靖安侯微微而笑:“后来……你渐渐长大,可是你总跟我对着干,我真的十分失望,以为是天性所致所以你跟我自来生分,后来才知道,你心里还是有我这个父亲的。之前的我,却是太偏私狭隘了。”

若说靖安侯对张制锦的彻底改观,便是他在镇抚司门前看热闹,张制锦担心他的安危,不顾一切地赶来。

那时候张制锦未说一句话,靖安侯却看出他的心意,那一刻才算是真正的父子“心有灵犀”。

“父亲!”张制锦打断他的话。

靖安侯深深呼吸:“我这次来,一时想跟你把此事说开,另外还有一件事,虽然你未必会原谅我,但我……一定要告诉你。”

张制锦勉强问道:“是什么事?”

靖安侯眼中掠过一丝复杂之色,道:“是我暗中叮嘱云容,让她给七宝的饮食之中用了些不易有孕的药。”

张制锦的脸色却仍是和淡平静,并不见惊愕或者恼怒。

靖安侯从来猜不透他的心意,此刻也是,竟不知他是早就知道了,还是如何。

忖度片刻,靖安侯道:“虽然我也并不是为了自己跟张家,也是想……为了你,因为我知道皇上也是心知肚明,也知道他狠绝的性子,我生恐他怕你危及皇位,会对你不利,所以才……”

“我明白。”张制锦淡淡地回答。

靖安侯停了下来。

把藏在心中这近三十年的话都说了,心头陡然空了下来。眼睛里却无端端跟进了沙子一样,有些潮润难受。
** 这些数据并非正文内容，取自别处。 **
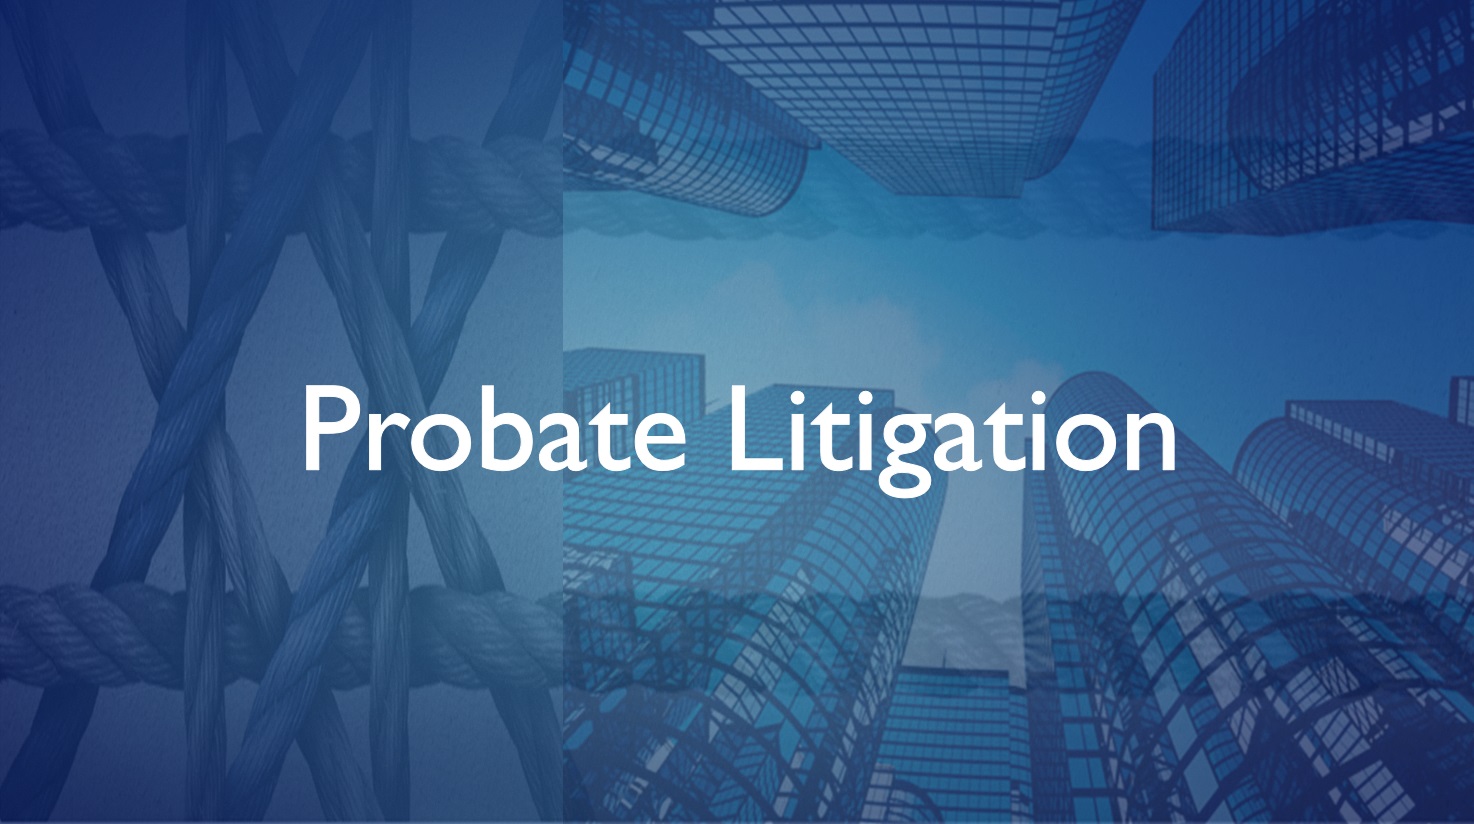 Probate Litigation Attorneys
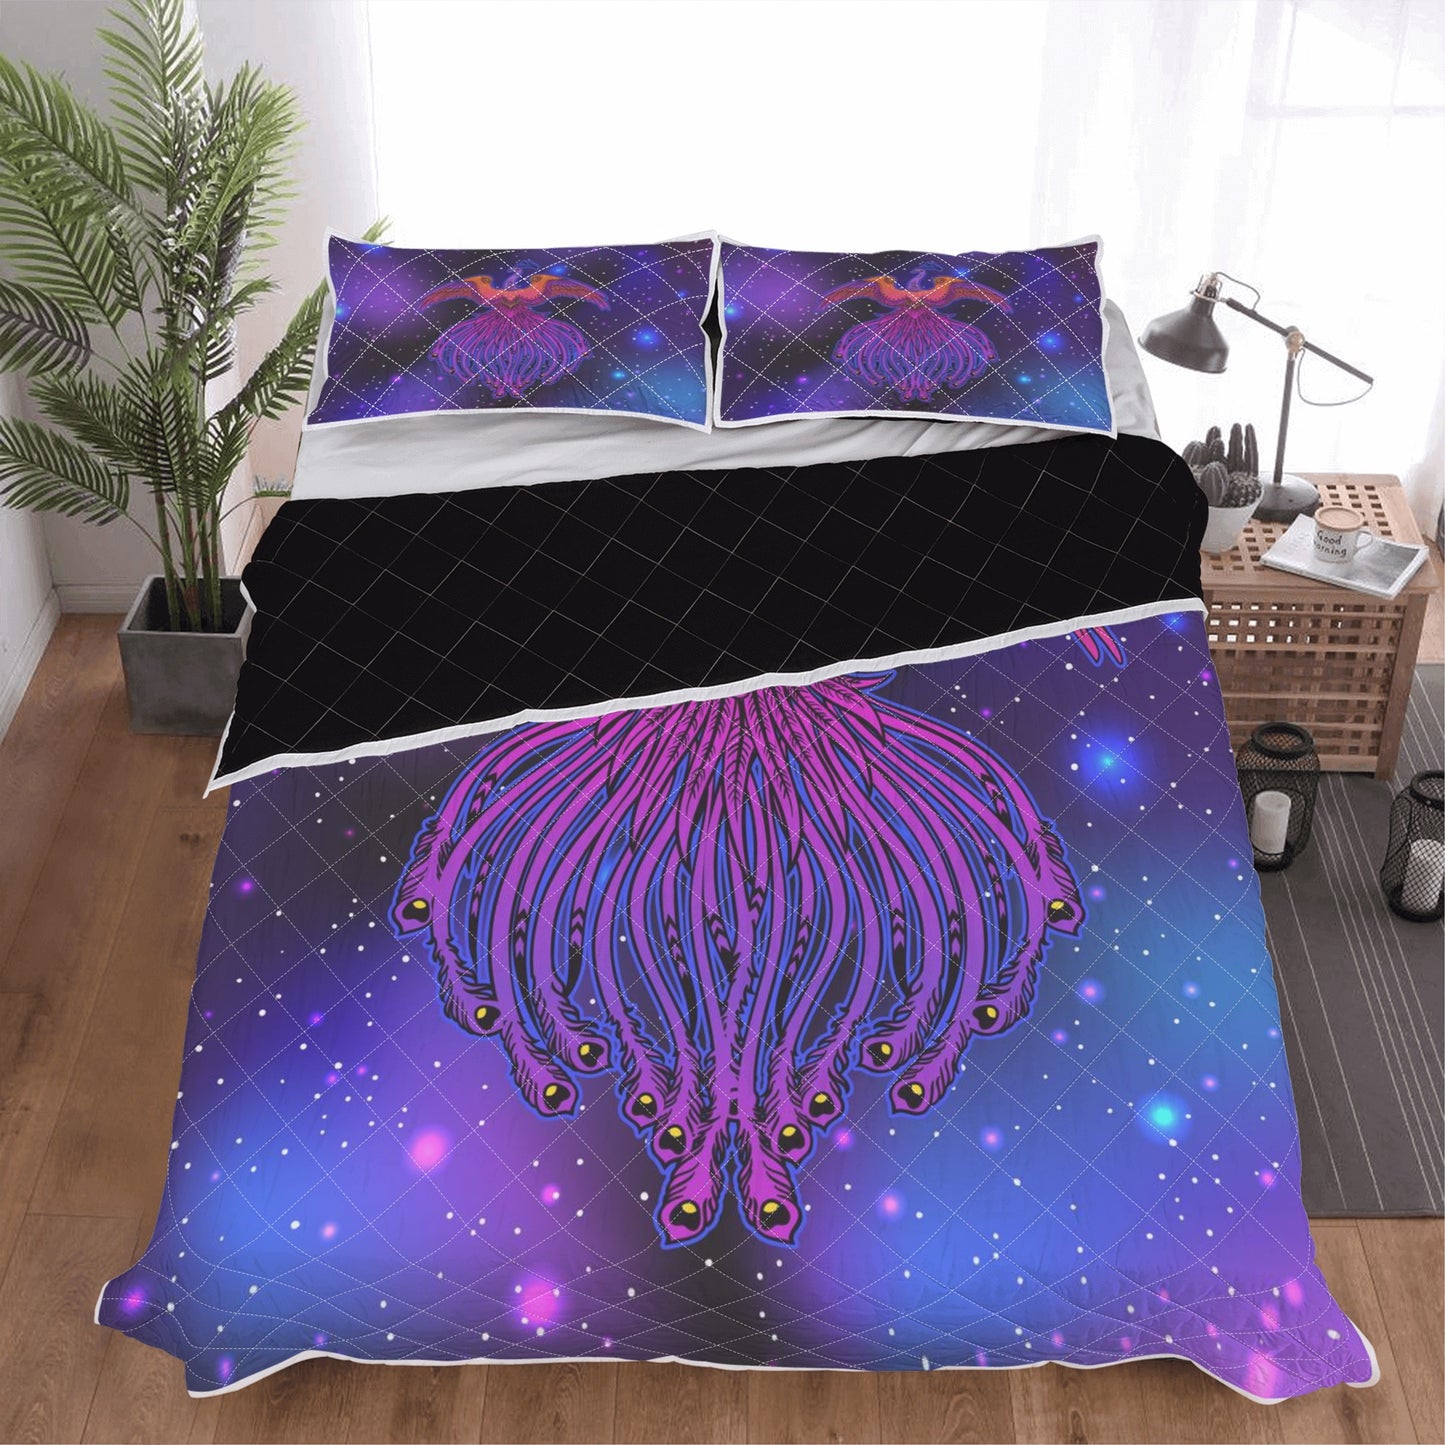 A Phoenix Quilt Bed Set

“好吧,”靖安侯一笑,转身道:“其他的都不说了,你……且去吧。”

靖安侯转身往回,才走了数步,便听到身后张制锦道:“父亲!”

“还有何事。”靖安侯未曾回头,垂着眼皮道:“这一声,如今我却受不起了。”

“我只是想告诉您,”身后张制锦的声音清晰地响起:“对我来说,这世间始终只有一个父亲。”

靖安侯猛然震动。

身后,张制锦盯着靖安侯的背影:他是天性聪颖过人的,从小敏感多察,自然瞧出靖安侯对待自己跟对待两位兄长不同。

他又牢牢地记着自己的生母之死,认定了母亲是因为靖安侯一心宠爱姬妾却怠慢正室的缘故才身亡,所以竟跟靖安侯心生隔阂。

但是到后来才知道,原来一切事出有因。

就在此刻,外间洛尘飞奔而至,告诉了张制锦七宝进宫之事。

第193章

养心殿。

皇帝看着跪在地上的七宝,周家的七姑娘素来最是胆小,动辄就会哭起来,完全禁不起吓唬,京城内人人皆知。

皇帝道:“你当真什么都愿意为他做?”

七宝回答:“是、是的皇上。”

皇帝道:“那……你可愿意跟他和离?”

七宝吃了一惊,脱口问道:“和离?为什么?”

皇帝说道:“朕已经对你们网开一面了。你要是不肯和离,那朕便赐你一死,若没有你,张制锦的弱点自然不复存在,他也不会再执意离京了。你不是什么都愿意为他做吗?要么和离,要么死,你自己选一条路走吧。”

七宝呆若木鸡,皱眉想了半天,才战战兢兢地小声说道:“皇上如果只是想夫君留在京内,就让臣妾去劝他就是了,他一定会听我的话,还不至于非要我跟他和离……或者赐死之类的。”

皇帝似看破一切般冷笑:“花言巧语,还不是贪生怕死,不想为了他死?”

七宝咽了口唾沫,小声说:“皇上,死有轻如鸿毛,也有重若泰山,何况,就、就算算我是夫君的弱点,那又怎么样呢……圣人都说‘金无足赤,人无完人’,有弱点才更像是人,不然的话,岂不是圣人了吗?”

而且她不是没为张制锦死过,只是面前这个糟老头子又知道什么。

皇帝唇角微动,却哼道:“既然这样,那你就跟他和离吧。”

七宝忙道:“皇上,我不想跟夫君和离。”

“那就选另一条路。”

皇帝一抬手,旁边小太监走上前,举着个托盘放在桌上。

“看到了么,”皇帝道:“这是鸩酒。喝下即死,你大概不知道……赐死淑妃的,就是这种。”

七宝的心跳几乎都停了。

“怕的话就和离,自然不必死了。”皇帝淡淡地说。

“我、我不要跟夫君分开。”七宝忍着眼中的泪,大声回答。

“那就喝了毒酒。”

七宝摇头,眼中的泪纷纷坠落。

皇帝仿佛忍无可忍,用力一拍椅子扶手,阴测测说道:“你是在戏弄朕吗?哼,说来说去,不过是跟淑妃一样,贪生怕死的女人……”

皇帝的话音刚落,就听到幼安“呀呀”地大叫了两声。

这孩子自打出生就格外的安静,很少大哭大嚷,突然叫嚷起来,却好像在跟皇帝争执一样。

七宝回头看向那襁褓中的小孩子,很想伸手去安抚他,让他不要害怕。

皇帝也转头看向幼安,眼神闪烁不定。

顷刻,七宝说道:“我、当然愿意为夫君做任何事,但皇上不明白,正是因为经历过那些生离死别,才知道现在的来之不易。”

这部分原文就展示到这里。